§ Required action
Among the entries below, take the line with "4d50b4bcc07cb Surya Henna, Henna" and the line with "Namioto Densetsu 48", and output them and every line between them exactly, with nothing else.

§ Records to use

[Start of section]

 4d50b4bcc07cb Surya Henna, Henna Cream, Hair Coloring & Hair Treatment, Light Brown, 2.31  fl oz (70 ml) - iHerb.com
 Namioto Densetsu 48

[End of section]
[Start of section]

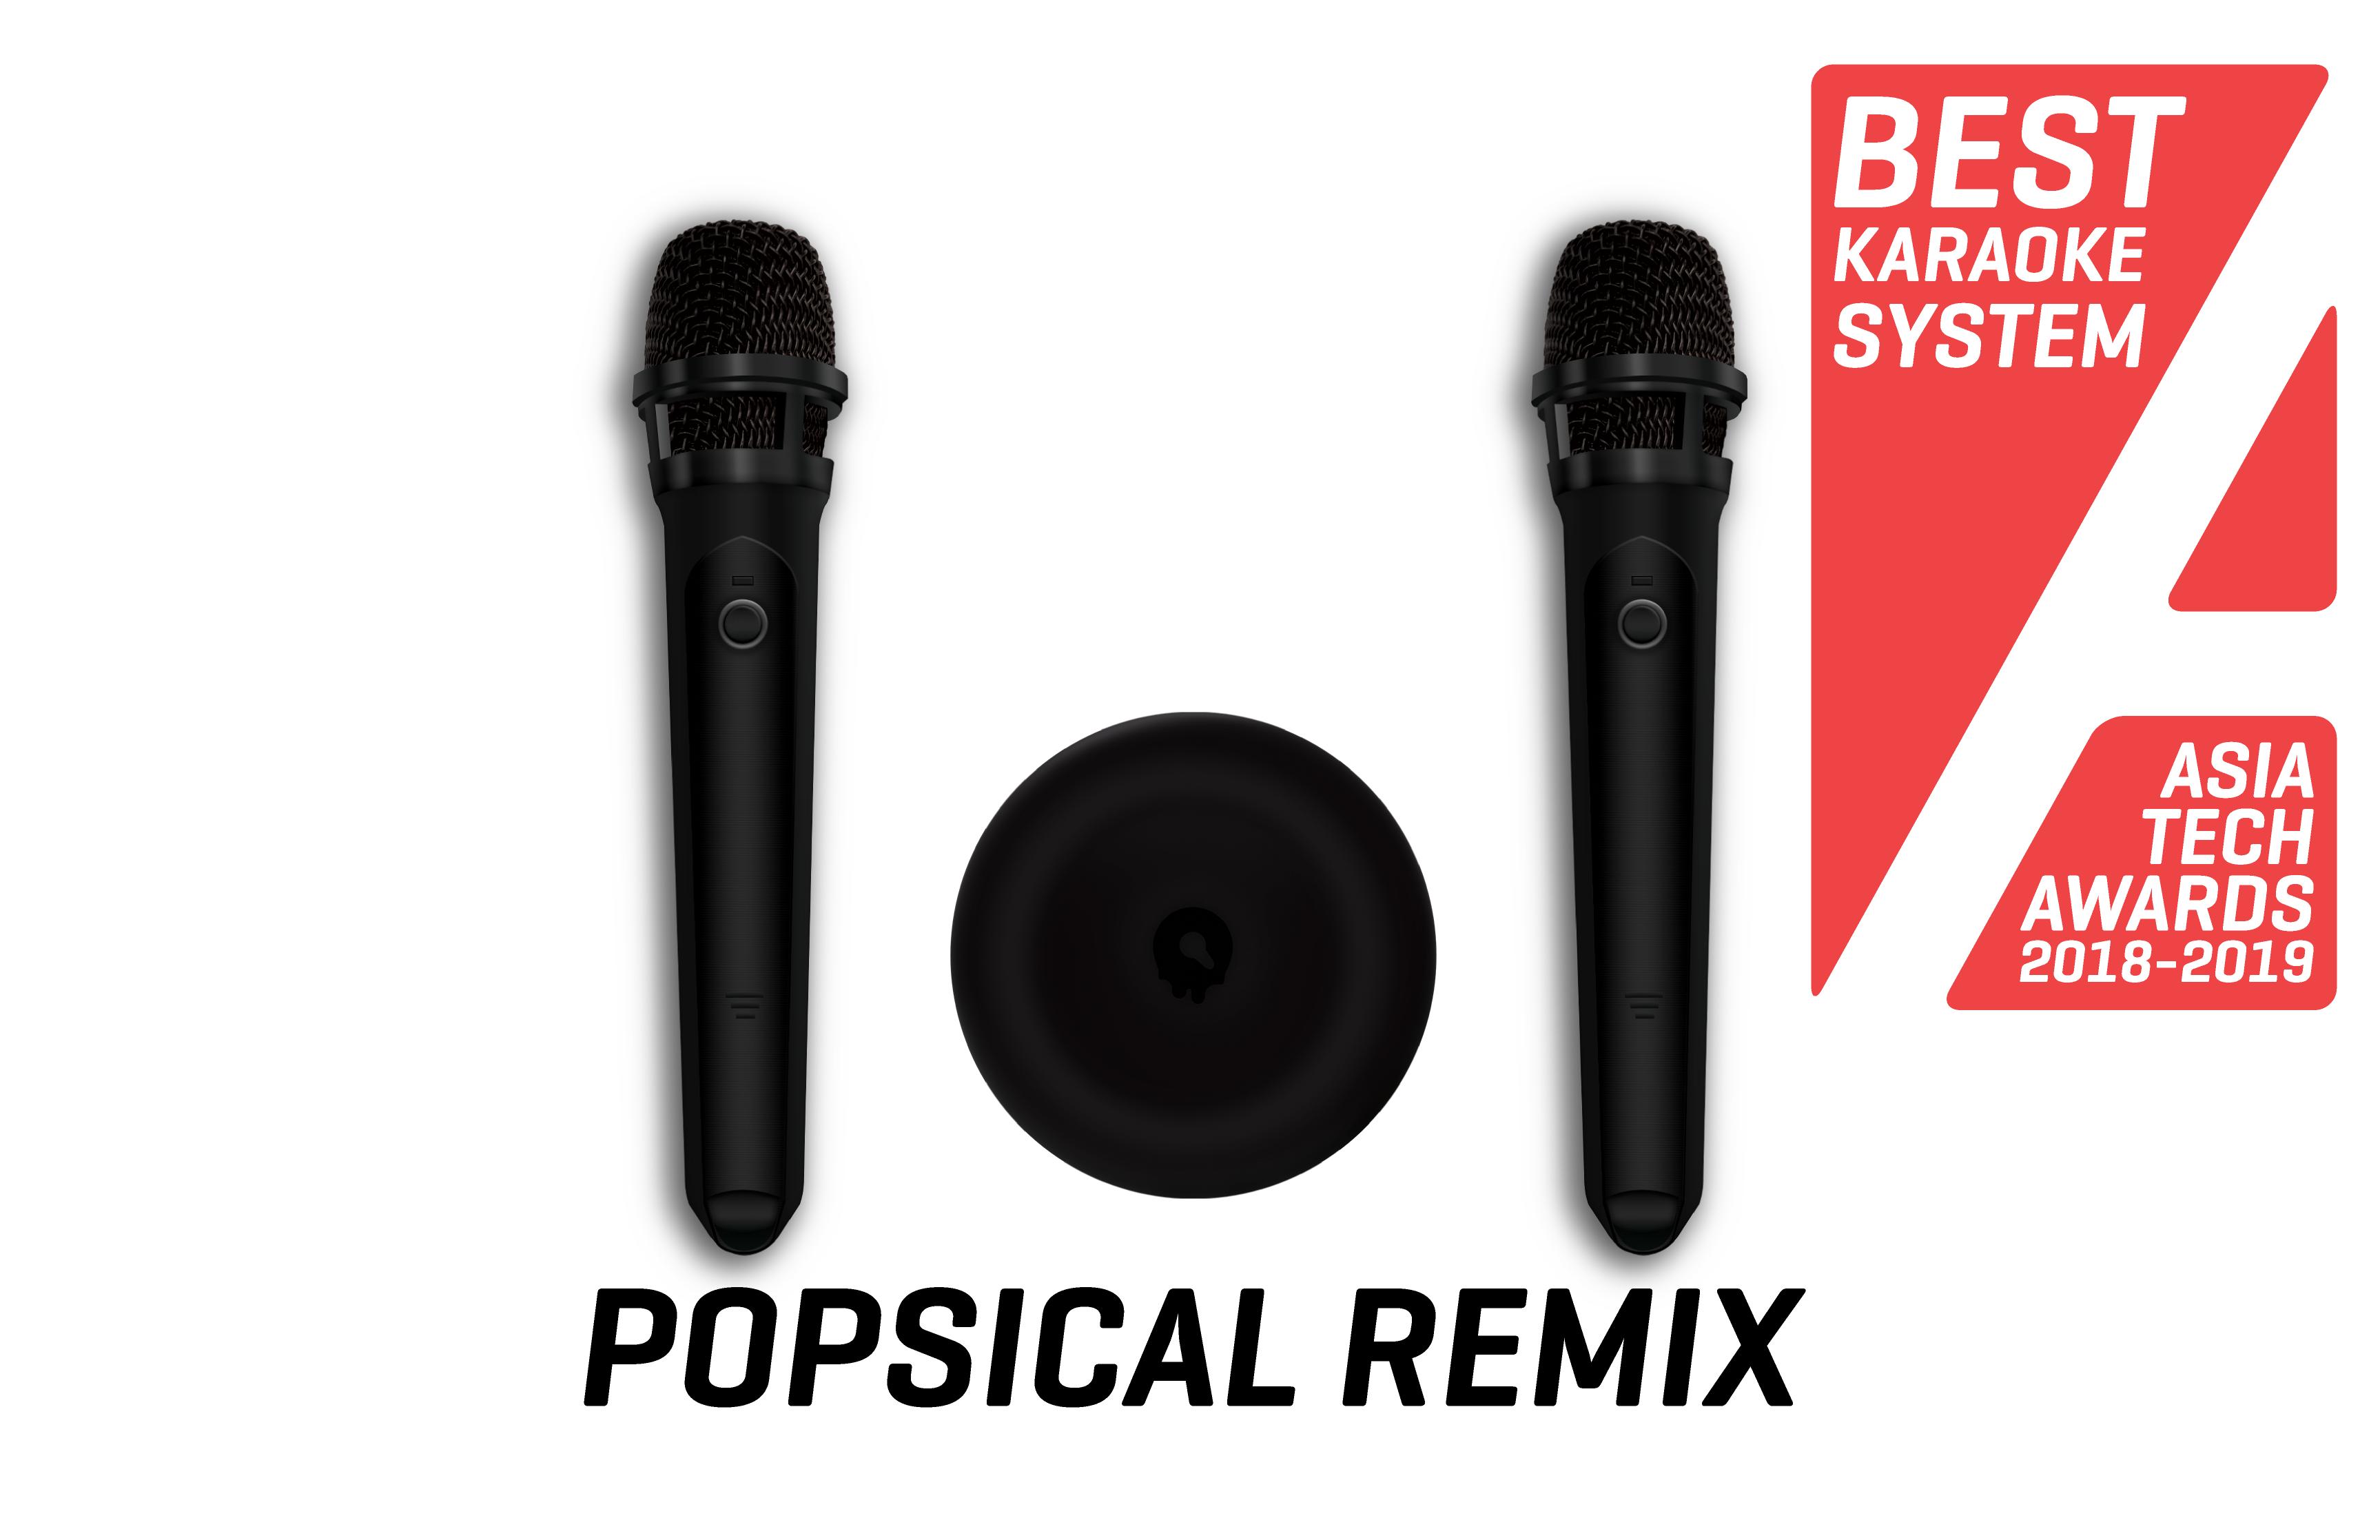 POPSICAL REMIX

[End of section]

§ Task result
 4d50b4bcc07cb Surya Henna, Henna Cream, Hair Coloring & Hair Treatment, Light Brown, 2.31  fl oz (70 ml) - iHerb.com
 Namioto Densetsu 48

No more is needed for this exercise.